The Ethics of Pretending — AI-Generated Thought Leadership and Authenticity
The test is not 'did you write every word?' but 'would you defend every claim in a room full of people who know the subject as well as you do?'
The Quiet Fraud
There is a genre of content proliferating across professional networks and industry publications that presents itself as the considered opinion of a named author but is, in substance, the output of a large language model lightly edited for tone. The named author may have provided a topic, perhaps a few bullet points of direction. The thinking, the structure, the argument, and very often the prose itself were produced by an AI. The author’s contribution is their name and their willingness to claim it.
This is not, strictly speaking, new. Ghostwriting has existed for as long as publishing. Executives have always had speeches written for them. The consulting partner whose name appears on the thought-leadership paper rarely wrote more than the covering email. The profession has long accepted a degree of performance in its intellectual output.
But there is a difference of kind, not merely degree, in what is happening now — and the profession has been remarkably reluctant to examine it.
What Has Changed
The difference is threefold.
- Volume. A ghostwriter produces a considered piece over days or weeks. An AI agent produces one in minutes. The economics of production have shifted so dramatically that what was once an occasional practice — publishing under your name something you did not write — has become a continuous content strategy. Some practitioners are publishing daily, across multiple platforms, with a consistency and range that would be physically impossible without AI assistance. The audience may not yet have noticed, but the suspicion is growing.
- Depth of detachment. A ghostwriter who works with a client over months absorbs their thinking, their vocabulary, their positions. The output, while not authored by the named individual, is at least derived from their actual views. An AI agent has no such relationship. It produces plausible-sounding content that could reflect the named author’s views but just as easily might not. The author may not even have read the output carefully enough to know whether they agree with it.
- The erosion of trust. Thought leadership has always served a specific function in professional services and consulting: it signals that this person has thought deeply about this problem. A client reading an insightful paper on transformation governance makes an inference — this person understands our challenges, they have seen this before, they can help. When the paper was actually produced by an AI agent and the author’s contribution was pressing “generate,” that inference is fraudulent. The signal has been decoupled from the substance.

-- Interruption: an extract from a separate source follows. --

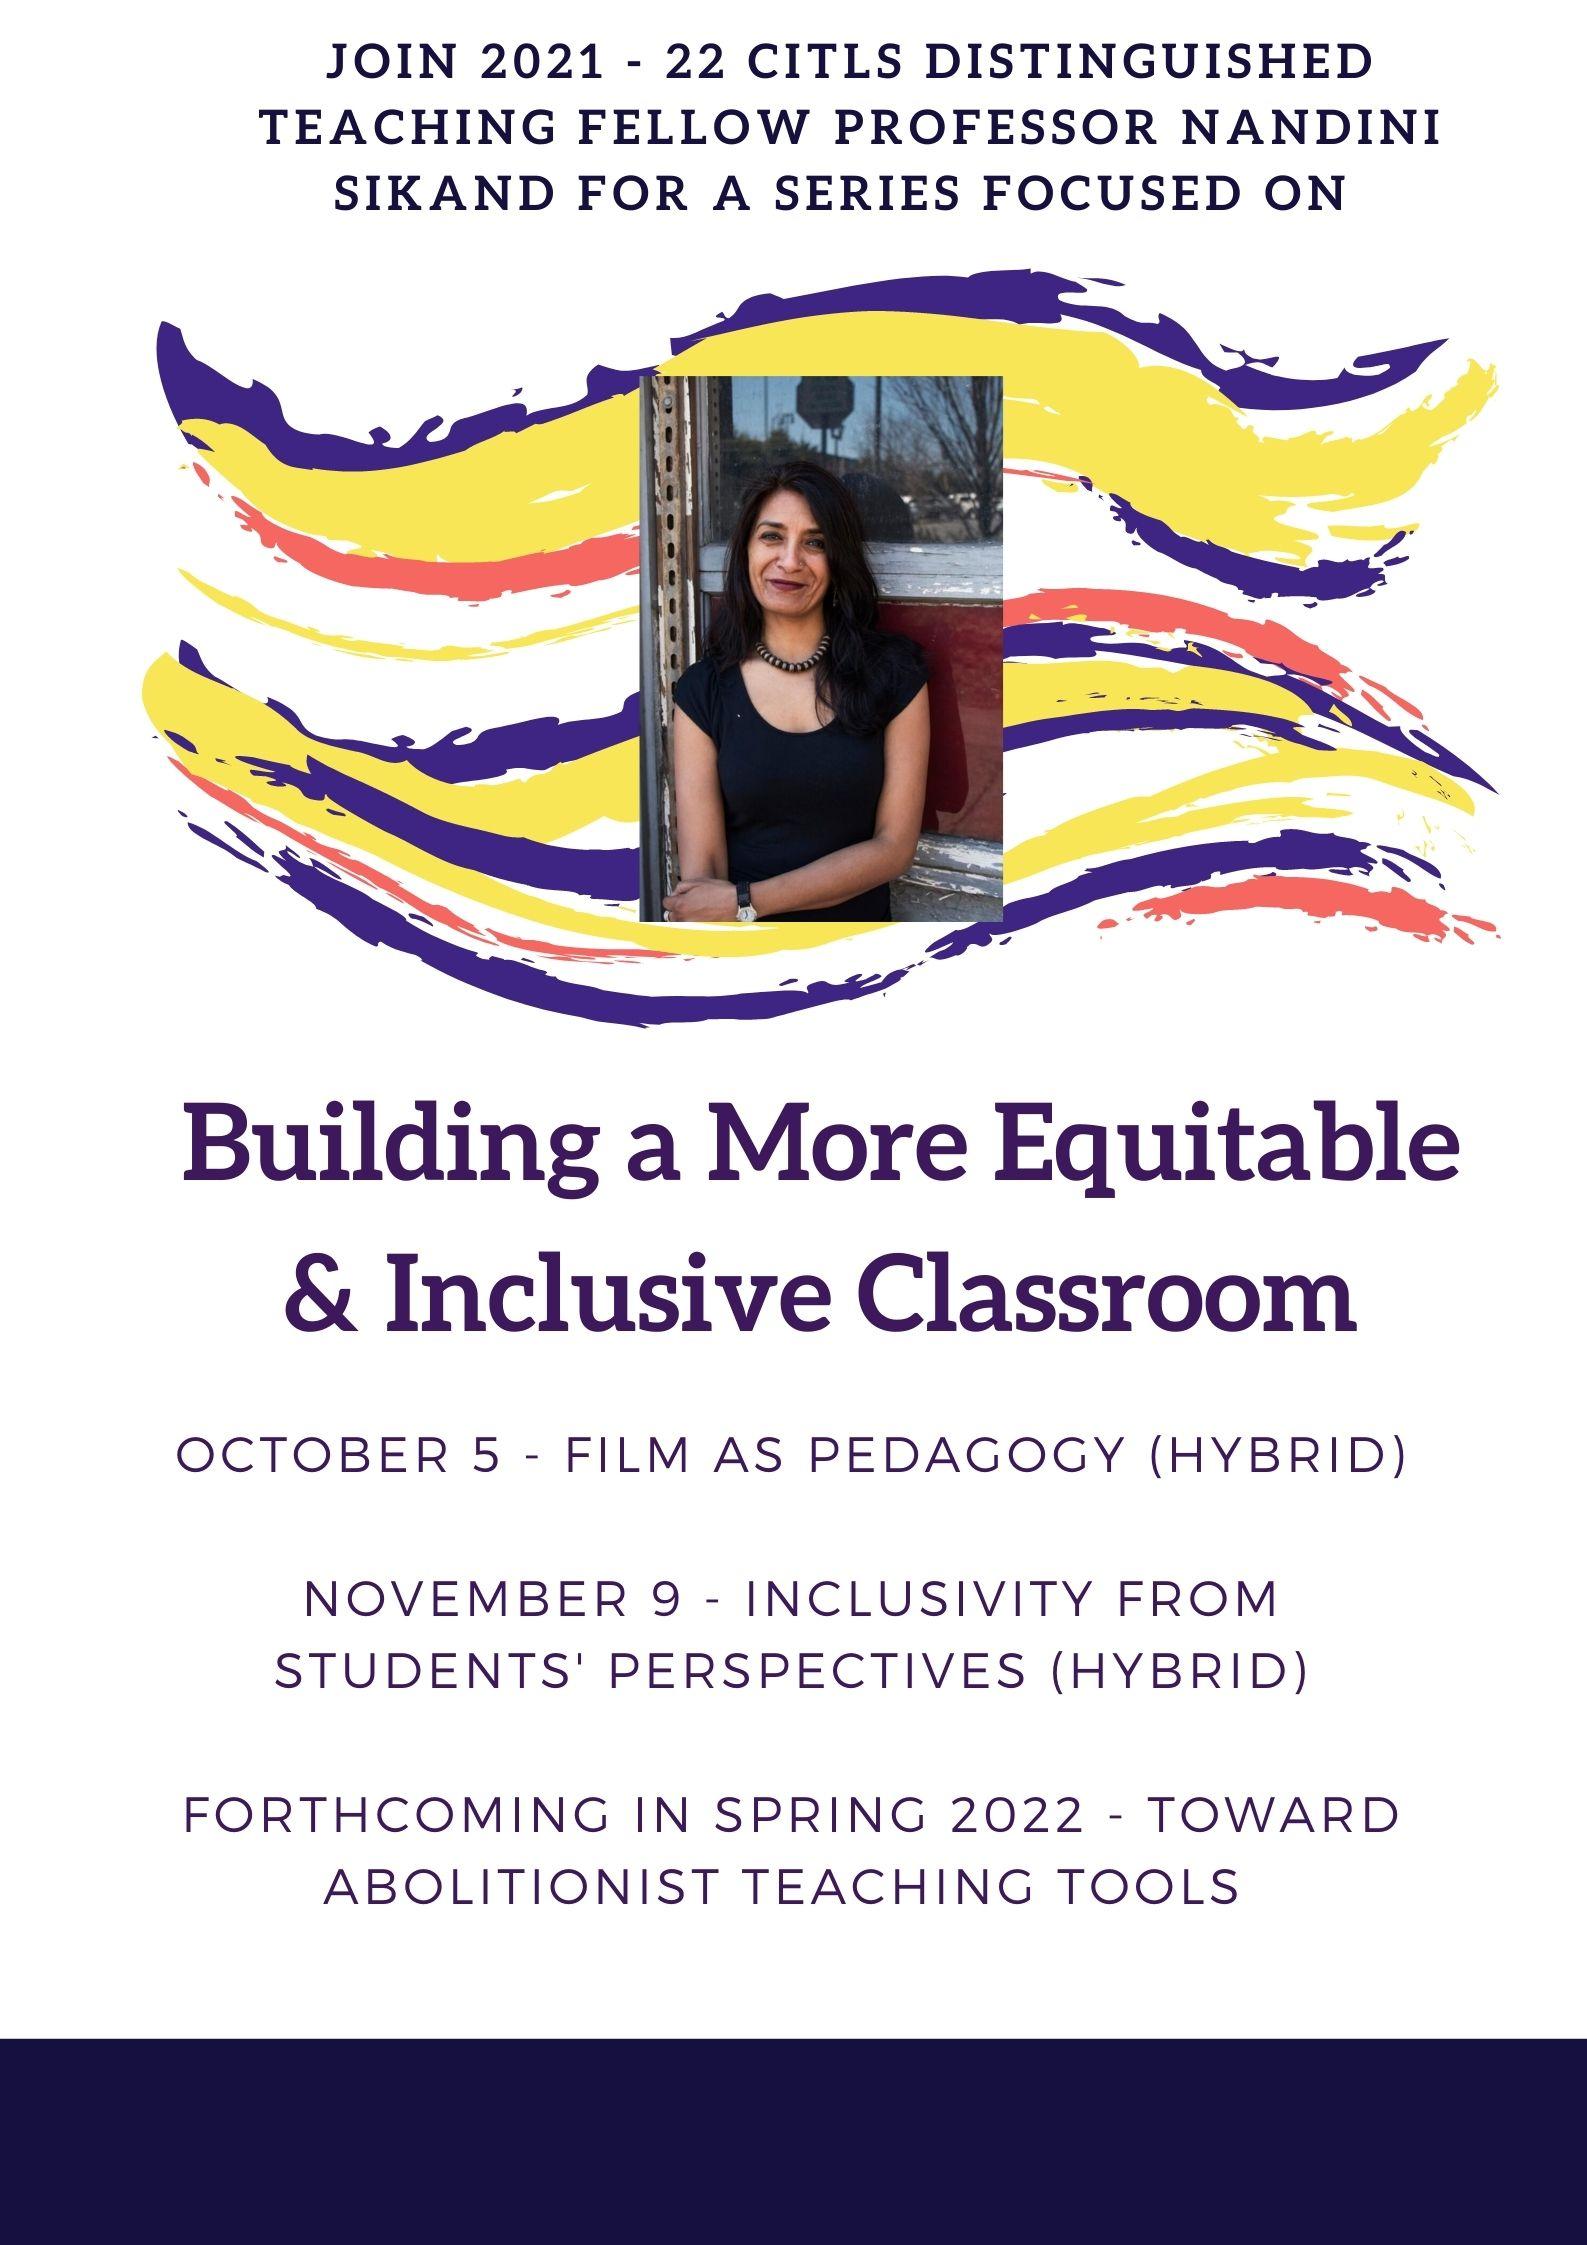 Inclusive Classrooms Series 2021-22

The Profession’s Complicity
The uncomfortable truth is that the profession has created the conditions for this. The relentless pressure to “build a personal brand,” to “demonstrate thought leadership,” to “publish or perish” in a corporate context has turned intellectual contribution into a marketing activity. When the goal is visibility rather than insight, the incentive to use whatever tools produce the most content at the lowest cost is overwhelming.
The ethical question is not whether AI can produce convincing thought leadership. It plainly can. The question is whether a profession built on the promise of human judgement and experience can survive when its public intellectual output is neither human nor experiential.
What Practitioners Owe Their Audience
The answer is not to ban AI from the writing process. That ship has sailed, and the demand is too strong. Nor is it to require disclosure on every piece of content — though transparency about process would be healthier than the current pretence.
The answer, I believe, is simpler and harder: practitioners must only publish what they have genuinely thought. An AI agent can draft, structure, and refine — but the argument, the position, the insight must originate in the author’s actual experience and actual reflection. The test is not “did you write every word?” but “would you defend every claim in a room full of people who know the subject as well as you do?”
The practitioners who meet this test — who use AI as a drafting tool but remain the source of the thinking — will, over time, be distinguishable from those who do not. The quality of the argument, the specificity of the examples, the willingness to take positions that are genuinely controversial rather than safely provocative — these are the markers that audiences will learn to look for.
The profession’s credibility depends on it.